→ **Given information**
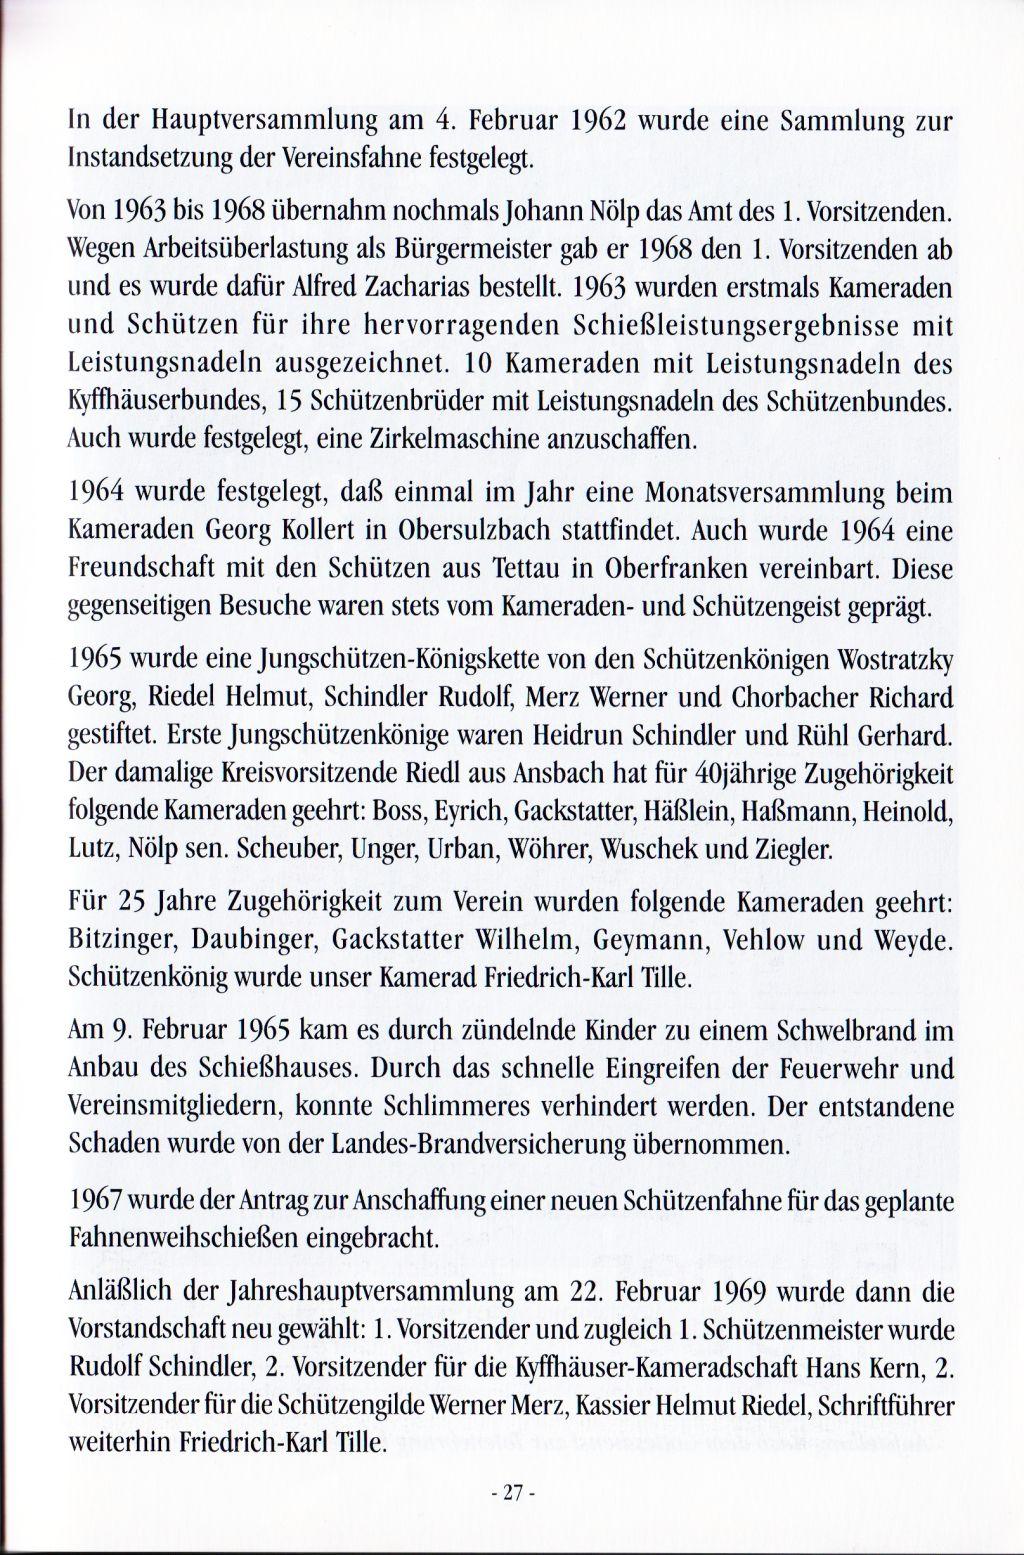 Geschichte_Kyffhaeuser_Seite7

---

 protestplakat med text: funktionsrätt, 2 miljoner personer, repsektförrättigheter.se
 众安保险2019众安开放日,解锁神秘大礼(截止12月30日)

...

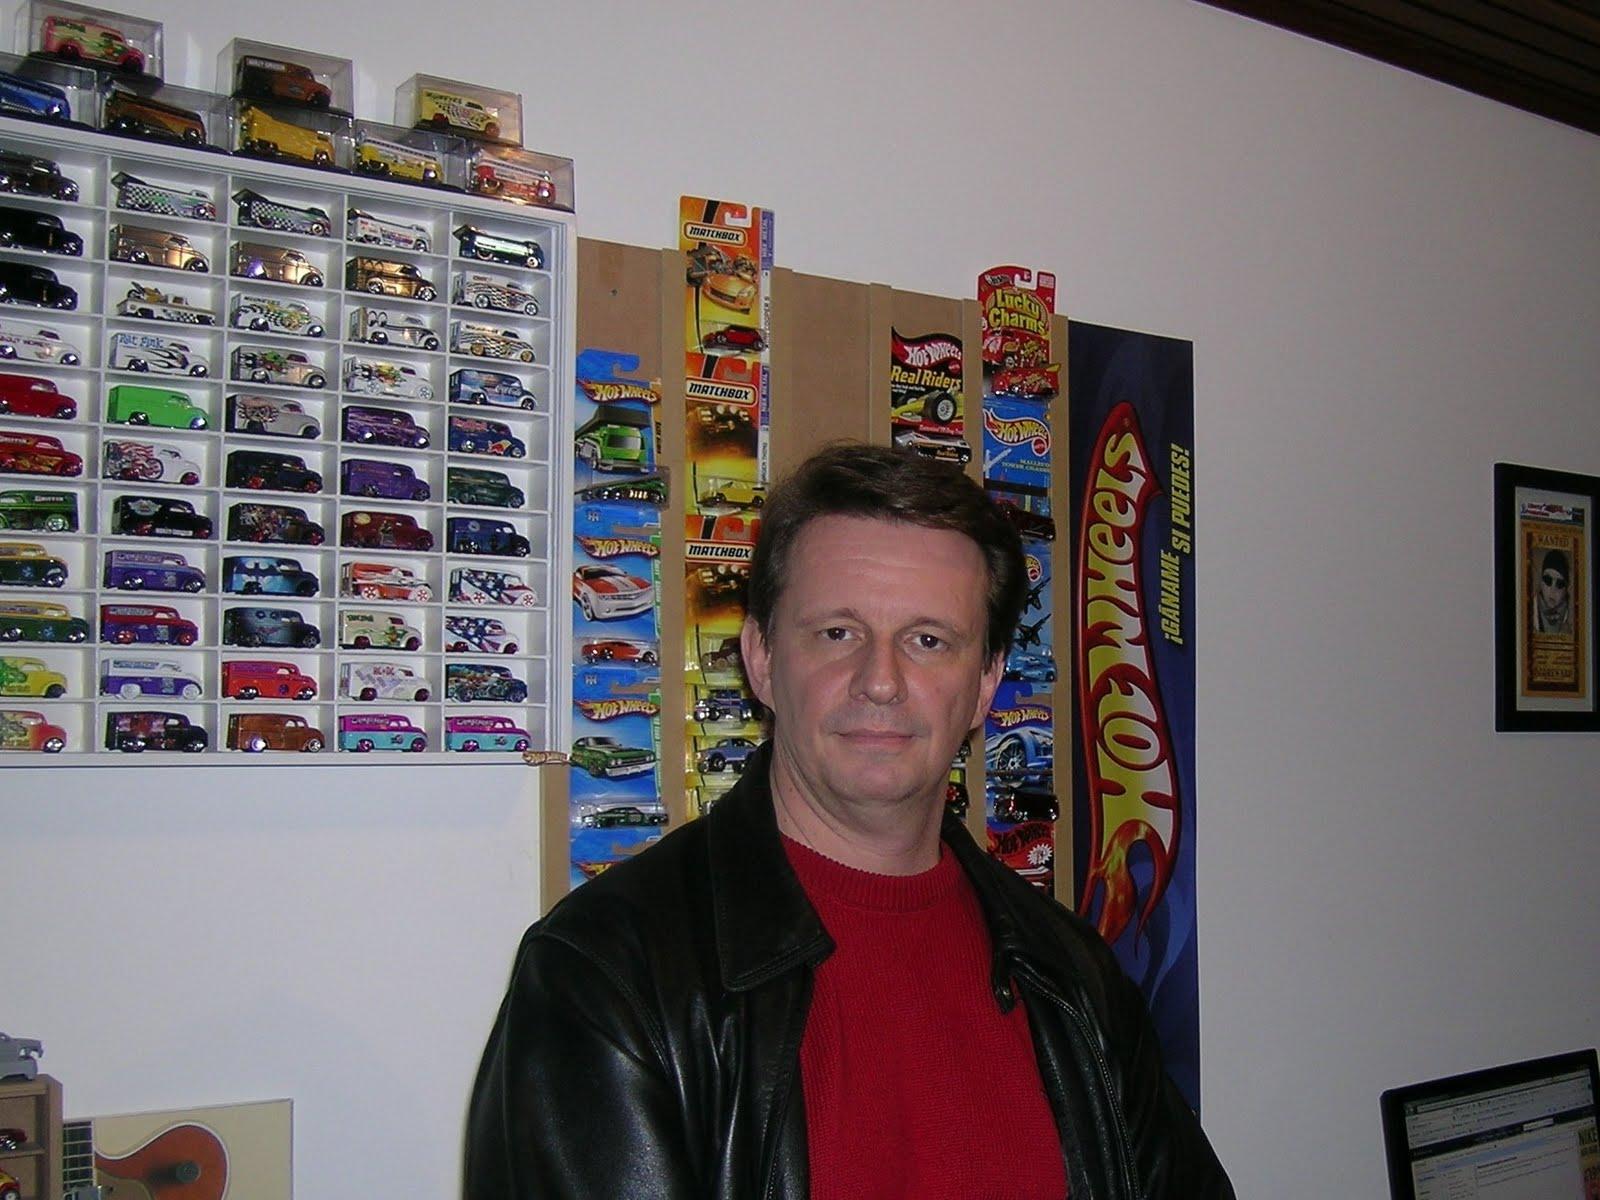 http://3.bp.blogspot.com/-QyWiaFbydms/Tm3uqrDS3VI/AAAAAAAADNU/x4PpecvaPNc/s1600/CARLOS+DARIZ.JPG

→ **What the task asks**
Would you print exactly, and only, the lines of the data above from the line with "protestplakat med text: funktionsrätt, 2" through the line with "众安保险2019众安开放日,解锁神秘大礼(截止12月30日)", inclusive?

→ **Answer space**
 protestplakat med text: funktionsrätt, 2 miljoner personer, repsektförrättigheter.se
 众安保险2019众安开放日,解锁神秘大礼(截止12月30日)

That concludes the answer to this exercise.